Image: safety check mobile carousel
Facebook has created ‘Community Help’, a new tool tied to the ‘Safety Check’ feature that lets users ask for and offer help after marking themselves safe during a crisis or natural disaster.
This can be beneficial to Papua New Guinea as Facebook is trending throughout the nation with about 89.88% using this medium. With our type of climate, terrain and location our country is prone to natural disasters.
Knowing how to use Facebook for these types of situations would be an advantage for users around the country.

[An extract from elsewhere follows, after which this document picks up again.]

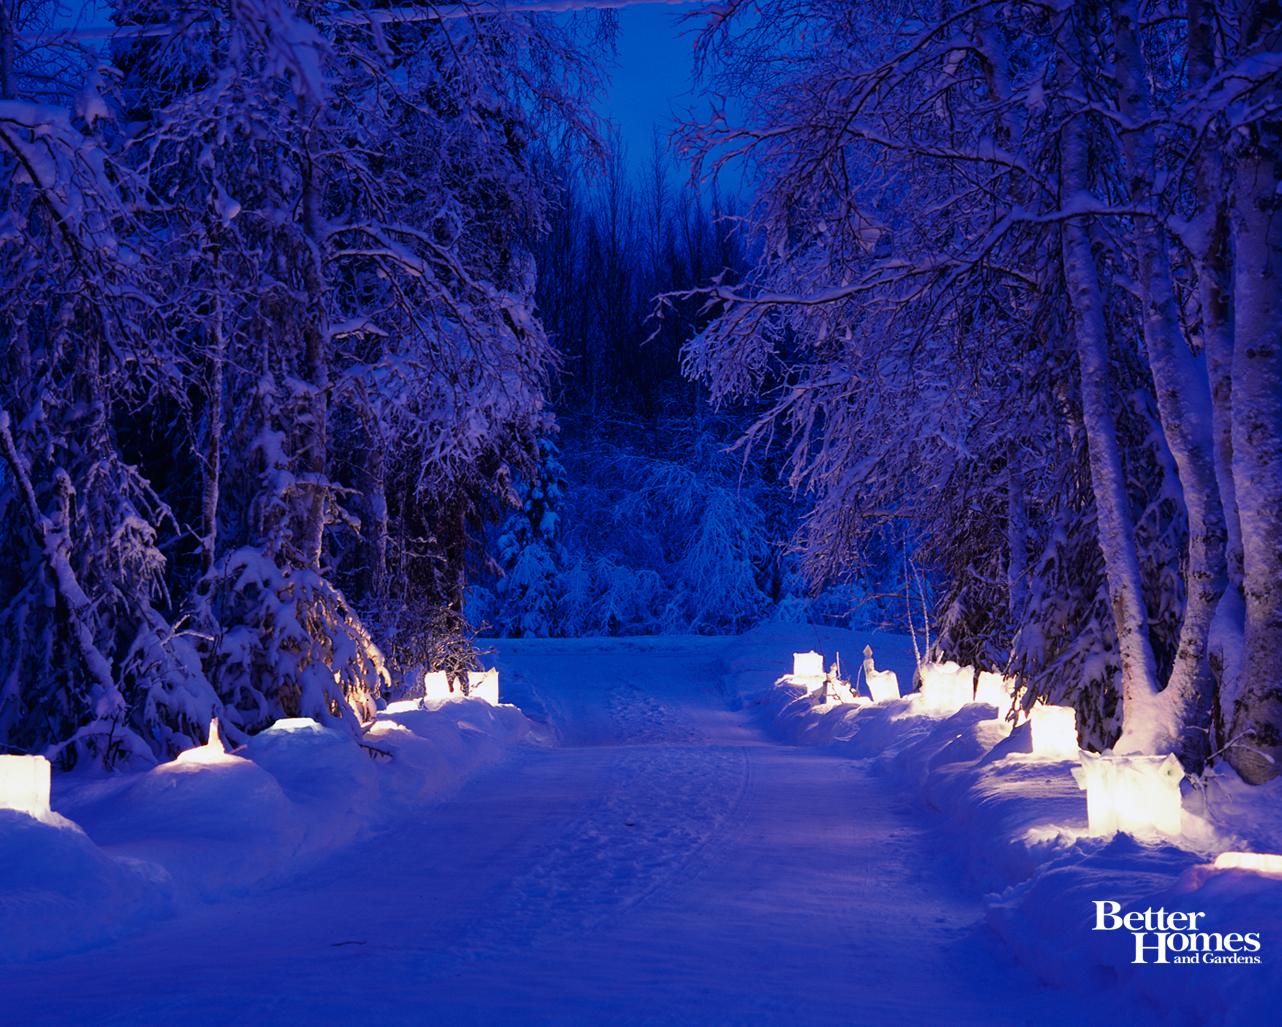 winter-Free-Winter-Wonder-Desktop-wallpaper-wp4210713
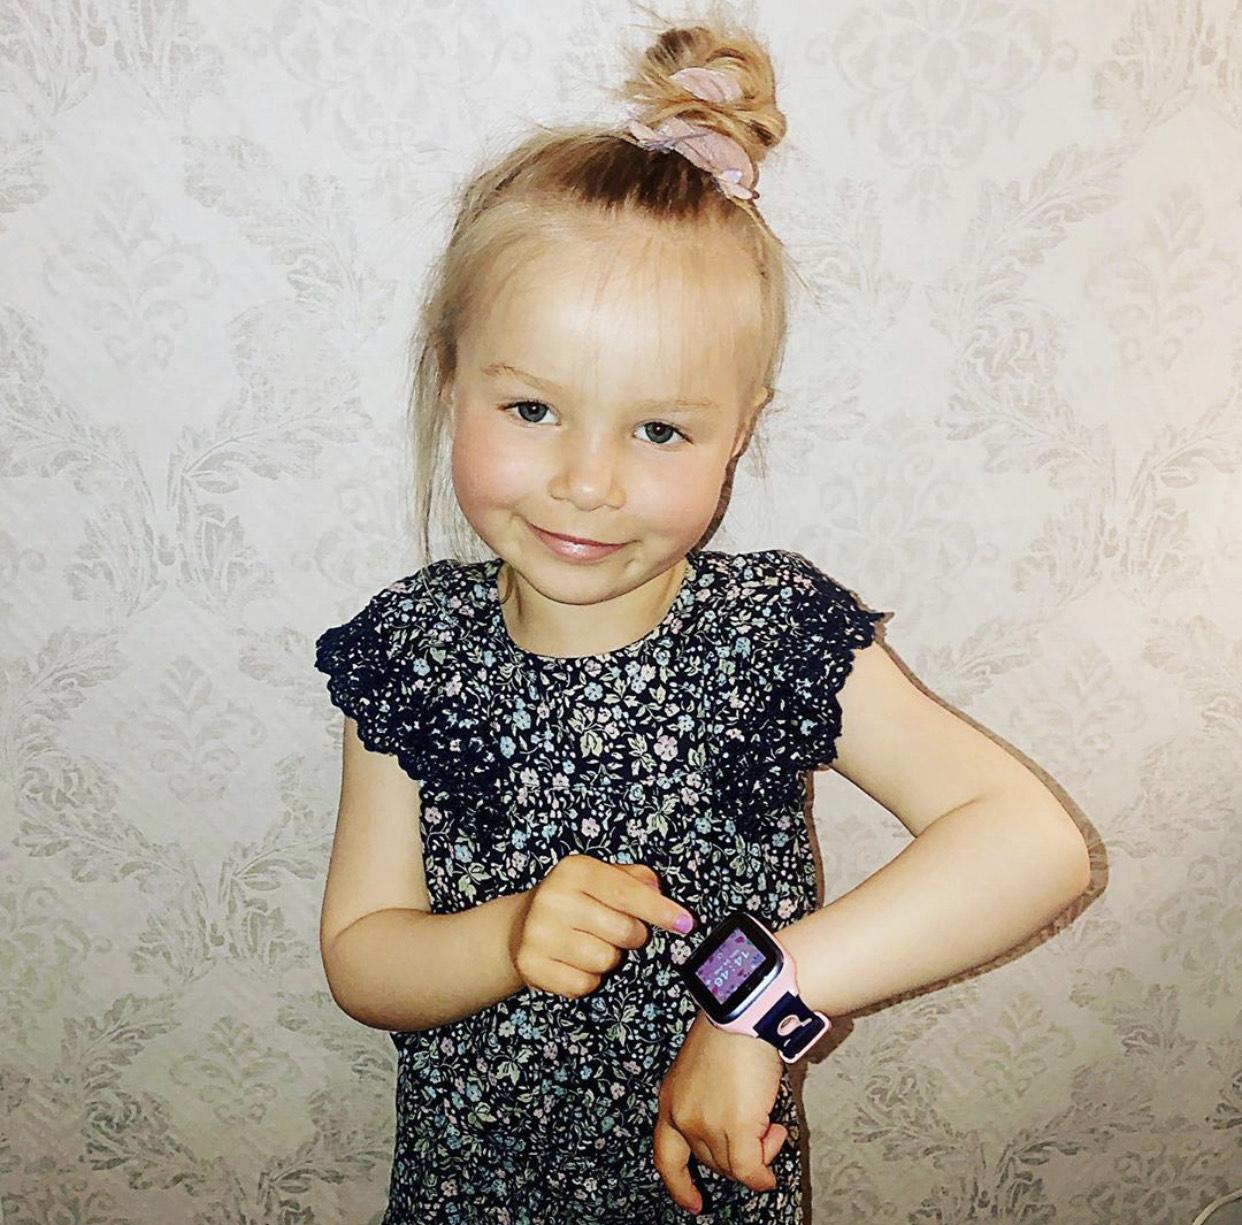 smilende jente som peker på sin rosa xplora klokke.

The tool will be tested in December then is officially launched in January 2017, will pop up after a user activates ‘Safety Check’. Once you mark yourself as ‘safe’, Facebook will lead you to a page that shows others’ safety statuses, as well as posts from people offering and looking for help in the area.
You might be safe, but that doesn’t mean you don’t need help.
You’ll be able to click “Find Help”, choose from categories such as Food & Water, Transportation, Shelter and Baby Items, and then create a post that further explains what you need. If you want to offer help, like a spare room or extra food, you can scroll through the posts and directly message someone who needs your help, or create a new post with details of what you can provide.
Image: Mashable
When a high number of people are posting about an incident in a given area, Facebook will automatically notify those users and ask if they’re OK. A user can then mark themselves as safe and prompt friends to do the same, instead of Facebook sending notifications to everyone.
That change is an effort to give people close to disasters more power in deciding when Safety Check is helpful.
This tool may just help someone in need and it is adamant that people are aware of such tools and how to properly use them.